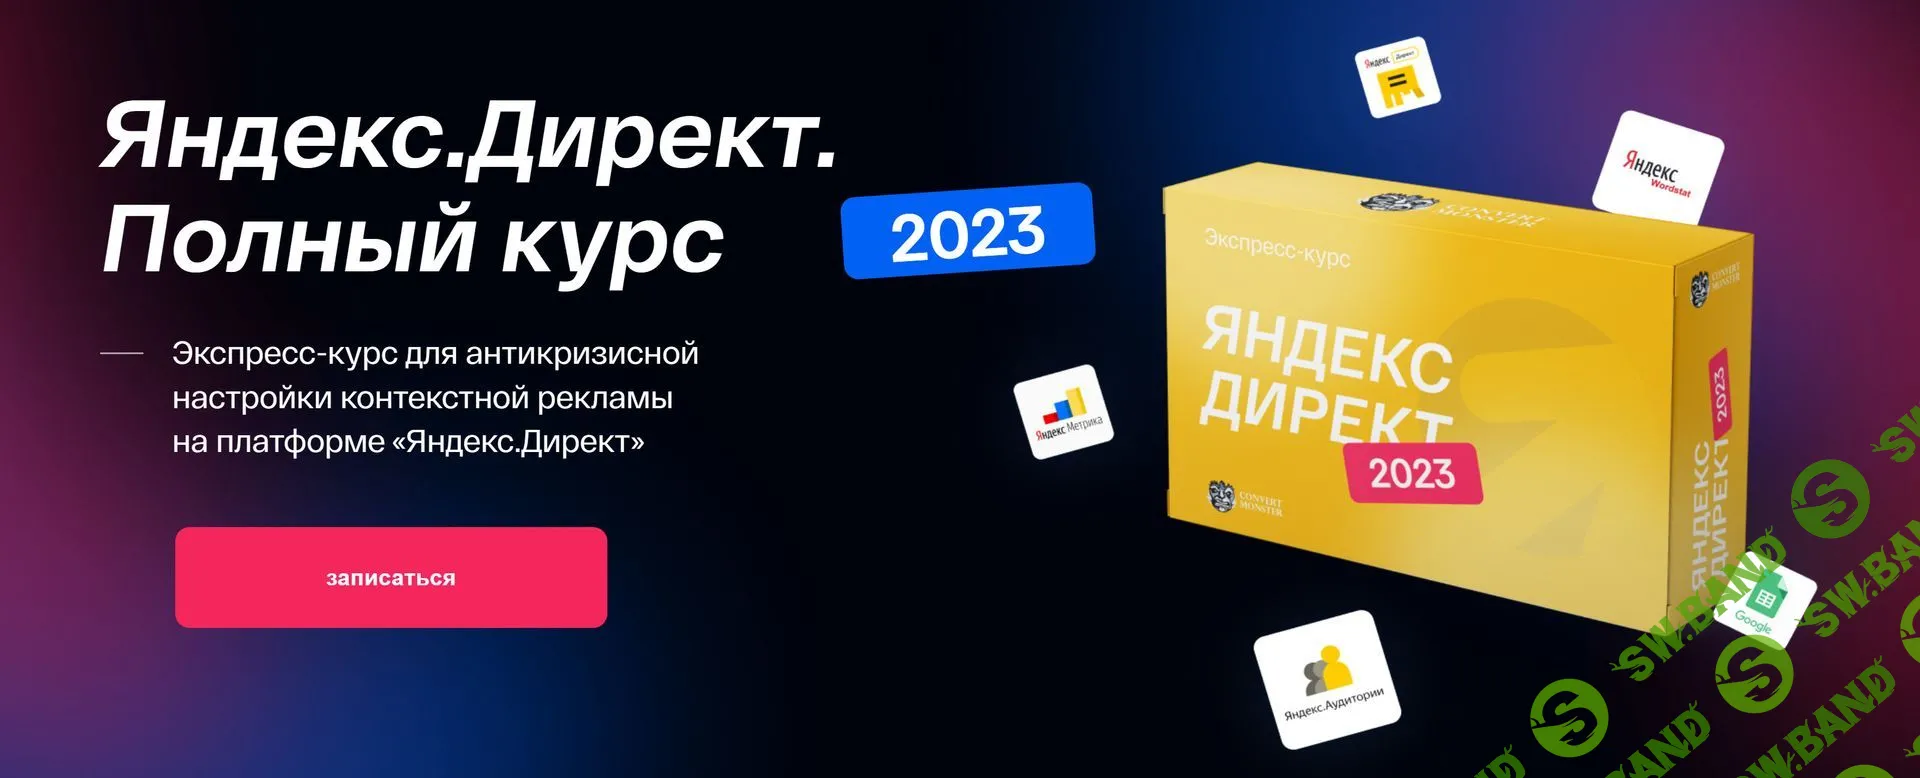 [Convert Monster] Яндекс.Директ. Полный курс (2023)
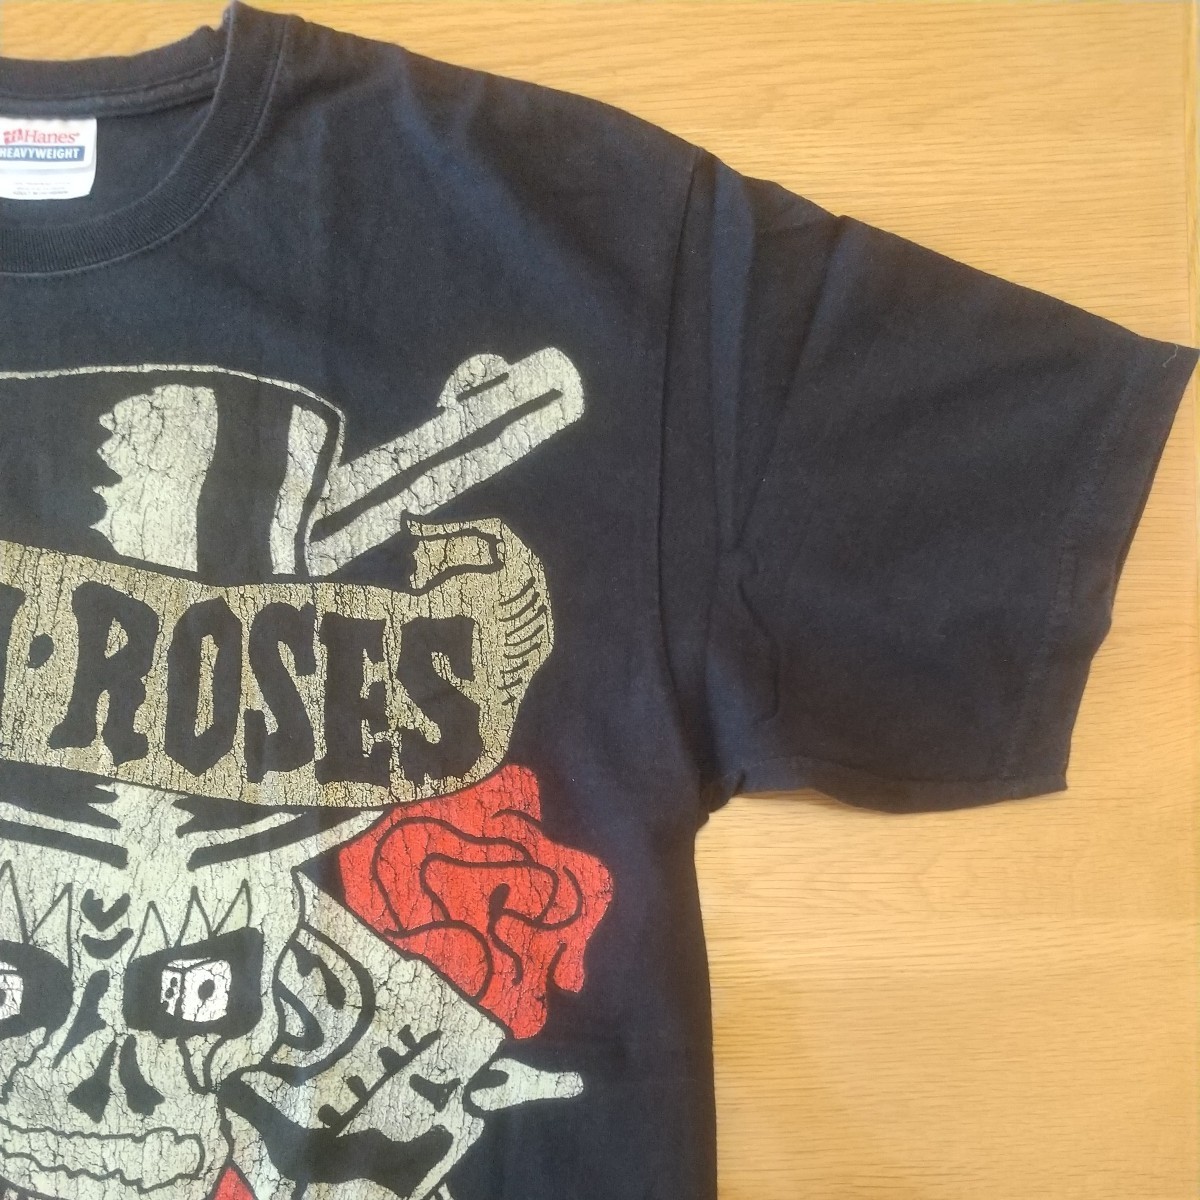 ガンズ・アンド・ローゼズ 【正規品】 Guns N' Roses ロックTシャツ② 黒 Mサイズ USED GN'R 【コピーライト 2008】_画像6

* * *

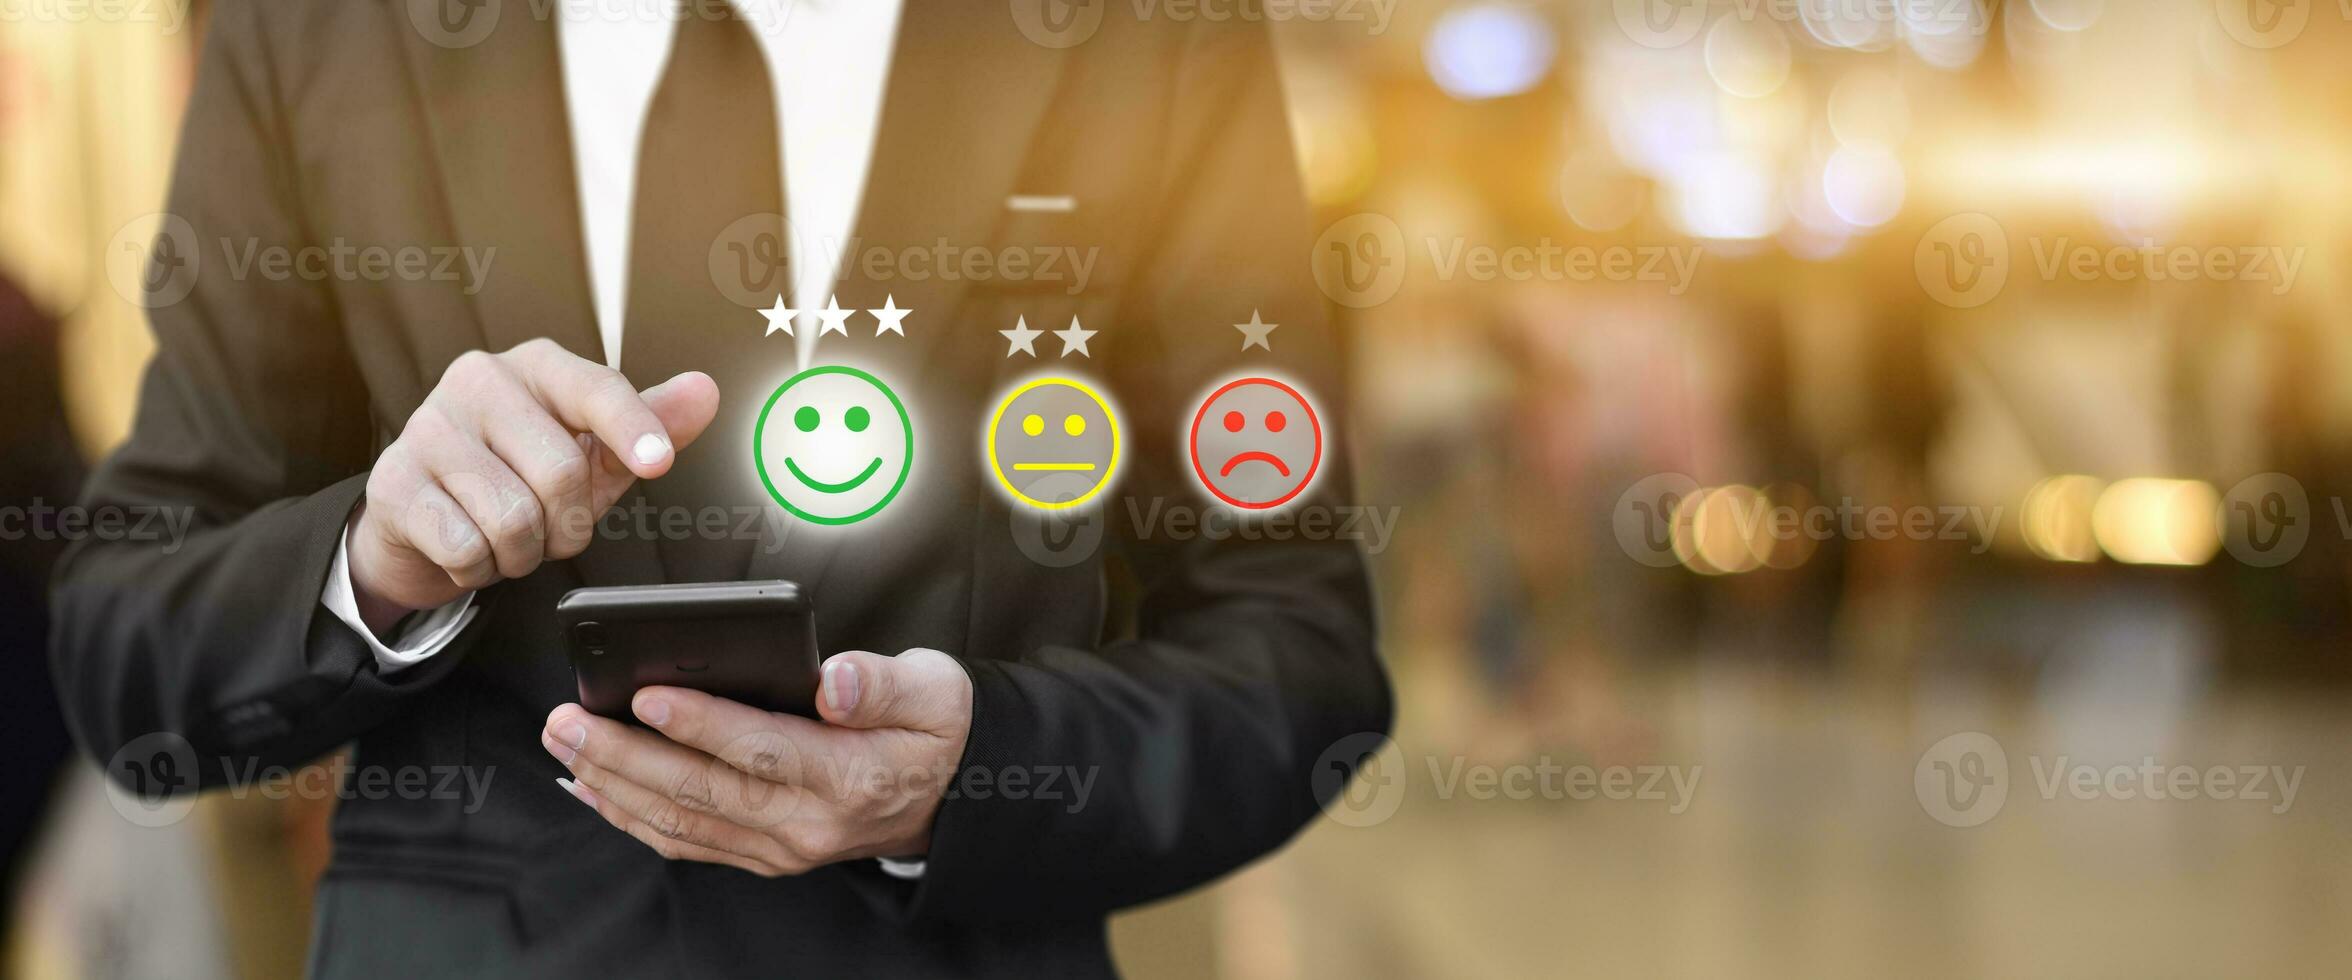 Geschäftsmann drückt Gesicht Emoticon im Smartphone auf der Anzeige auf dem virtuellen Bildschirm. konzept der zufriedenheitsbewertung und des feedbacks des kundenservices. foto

• Work request: Output should consist of the lines above from the one with "[Convert Monster] Яндекс.Директ." down to the one with "ガンズ・アンド・ローゼズ 【正規品】 Guns", exact and without pictures.

• Answer box:
 [Convert Monster] Яндекс.Директ. Полный курс (2023)
 ガンズ・アンド・ローゼズ 【正規品】 Guns N' Roses ロックTシャツ② 黒 Mサイズ USED GN'R 【コピーライト 2008】_画像6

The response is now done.